Perioperative sedation requirements of infants aged 0 to 3 months subjected to lower-body surgery under caudal blockade: a randomized controlled trial.

Minerva Anestesiol

Vienna Hospital Association, Department of Anesthesiology and Intensive Care, Karl Landsteiner Institute for Anesthesiology and Intensive Care Medicine, Hospital Hietzing, Vienna, Austria.

Published: March 2022

Background: It remains unclear how much sedation is required for subumbilical surgery under caudal blockade, and sedatives may carry a poorly understood risk of late sequelae in infants. We designed a randomized controlled study to evaluate total propofol consumption and perioperative sedation quality with the avoidance of continuous perioperative sedation in infants undergoing surgery under caudal anesthesia.

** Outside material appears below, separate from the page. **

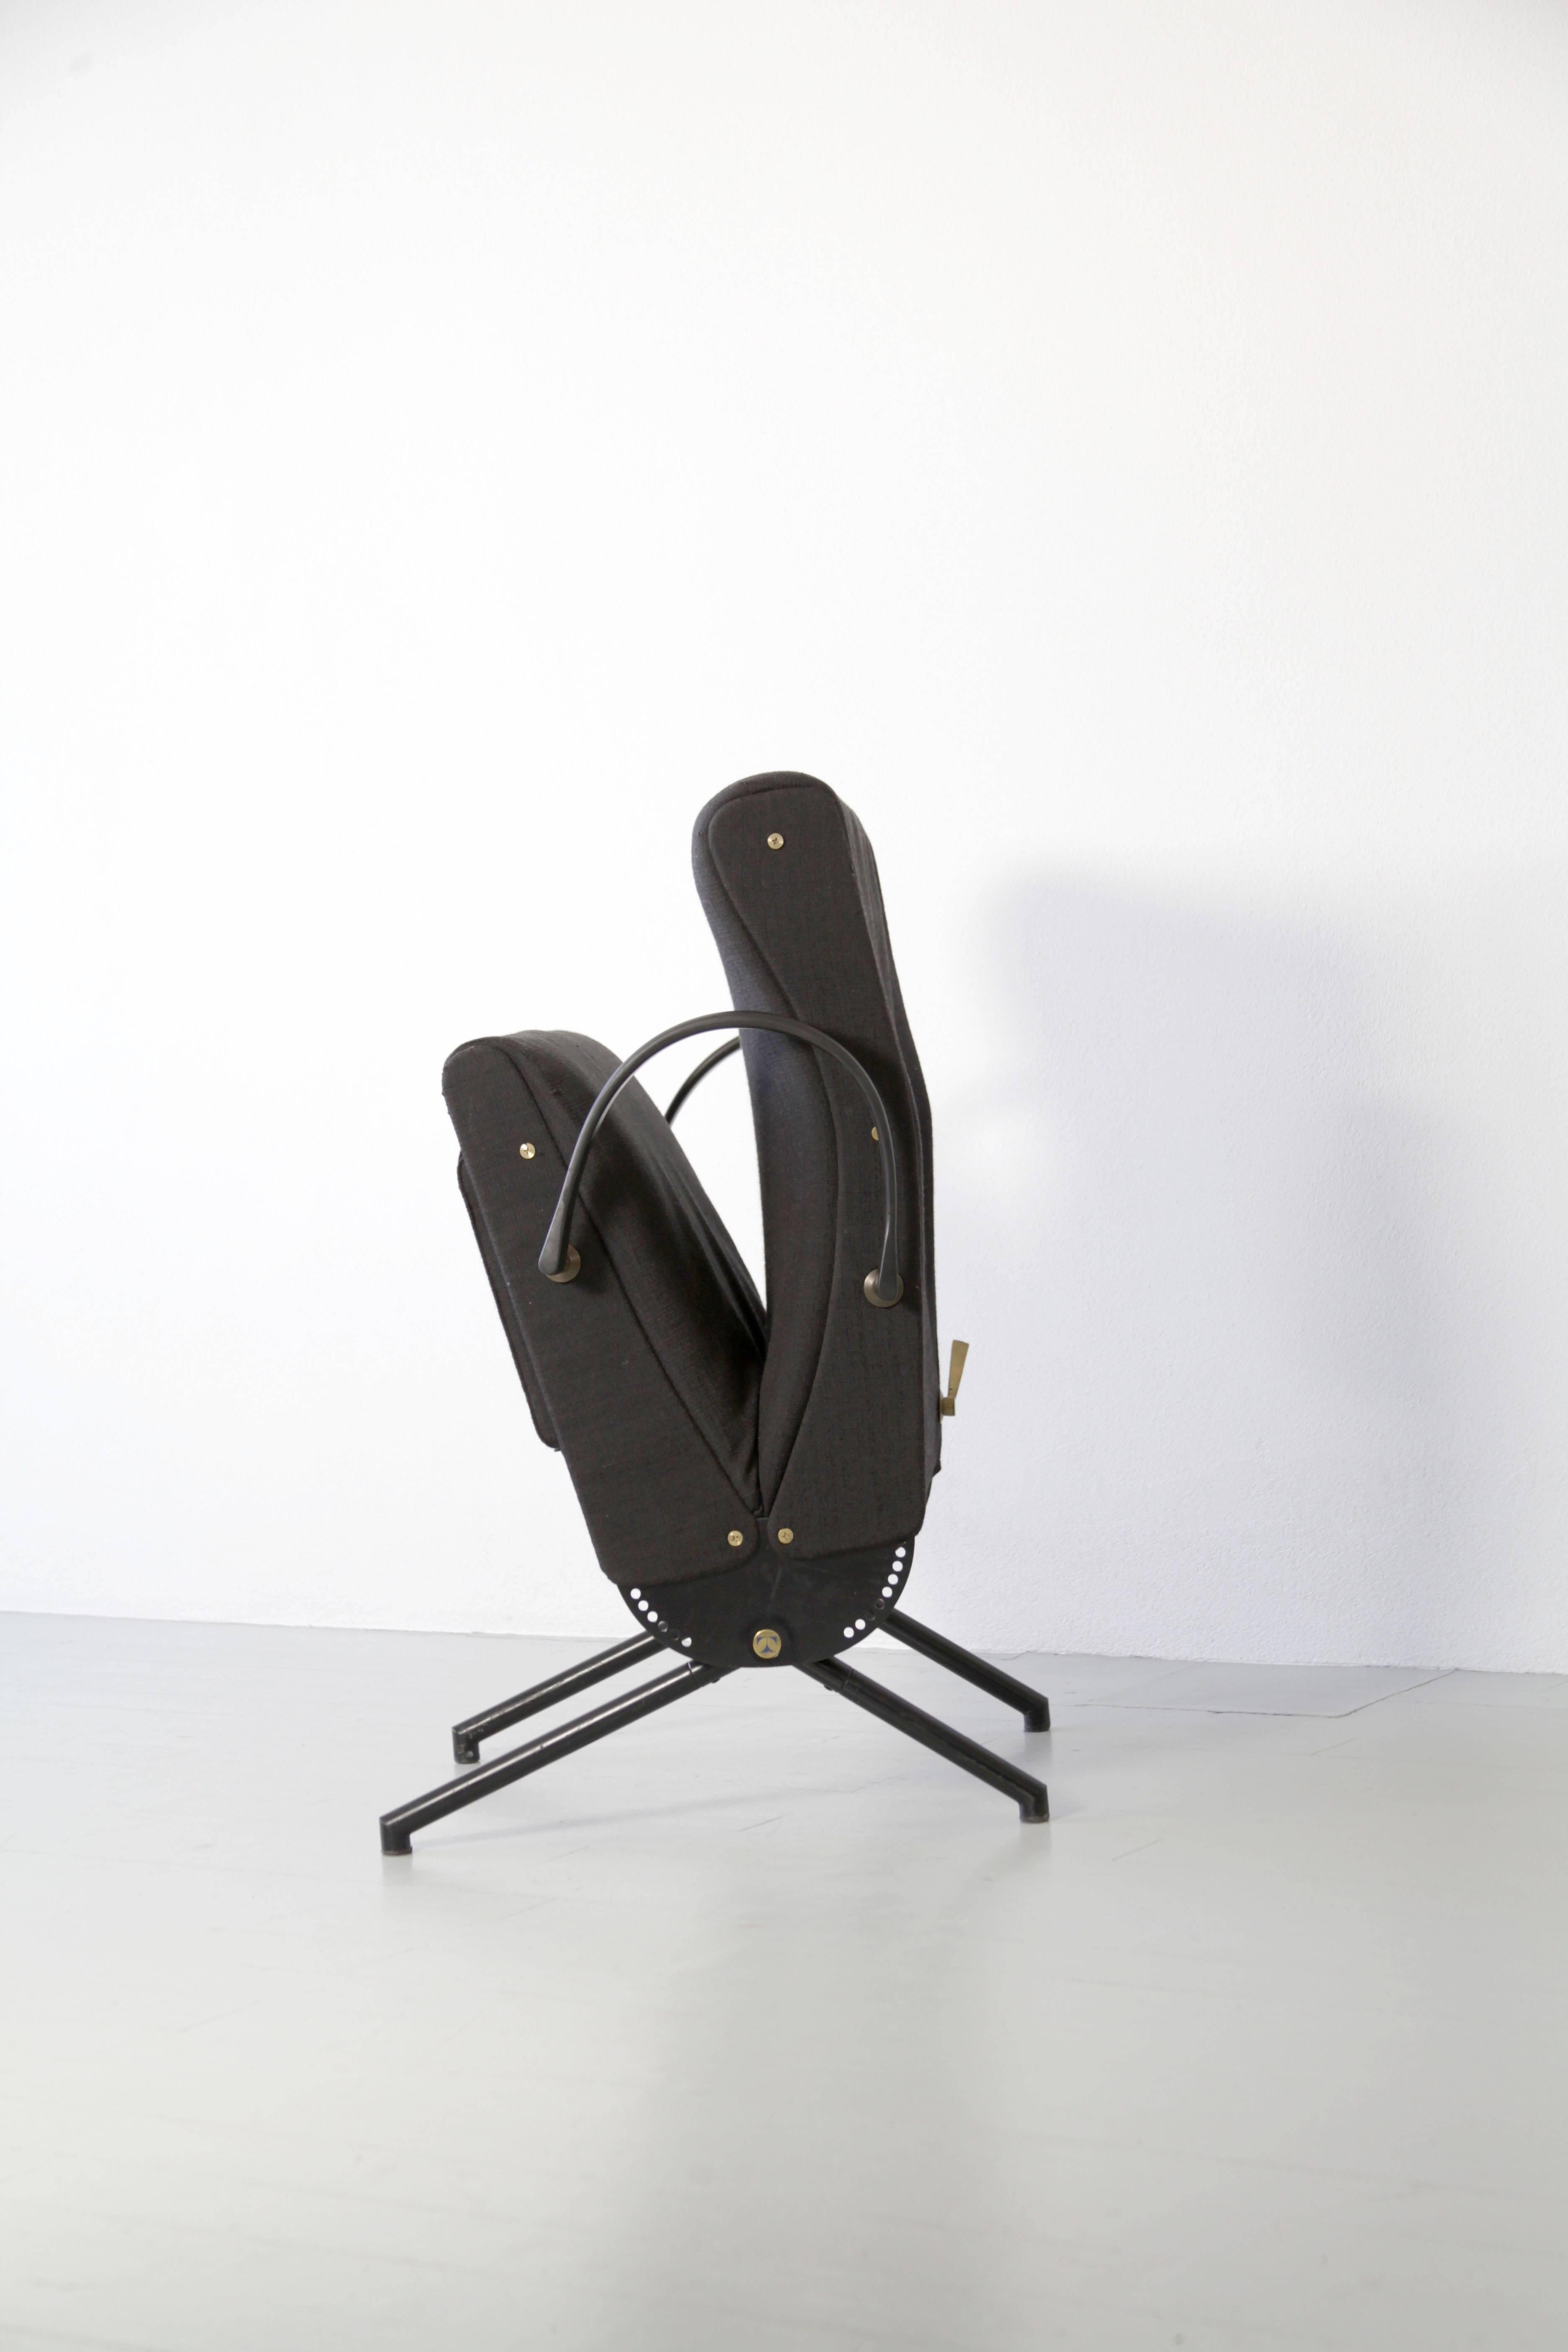 1. Auflage des Sessels P40, entworfen von Osvaldo Borsani in den 1950er Jahren und hergestellt von Tecno in Italien. Der Stuhl kann in verschiedene Positionen gebracht werden. Der Sitz, die Rückenlehne und die Fußstütze sind getrennt voneinander

Methods: Thirty-two infants (age: 0-3 months) were randomized to one of two groups in which perioperative administration of propofol was provided either "as needed" or by continuous infusion (5 mg kg h). After induction of anesthesia via a facemask with sevoflurane, a venous access was established and 1 mL kg of ropivacaine 0.35% was injected for caudal anesthesia. Intraoperative stress was assessed by repeated recording comfort behavioral scale scores and heart rates.

Results: Significantly (P=0.0001) less propofol was administered in the as-needed group (0.7±1.4 mg/kg) than in the continuous-infusion group (3.0±1.6 mg/kg). This difference was not reflected in different requirements of additional intraoperative sedation (0.5±0.8 mg/kg in 5 versus 0.6±1.0 mg/kg in four cases; P=0.76).

Conclusions: As needed propofol administration offers no disadvantage in terms of intraoperative sedation, but significant dose reductions can be achieved by avoiding continuous propofol infusion.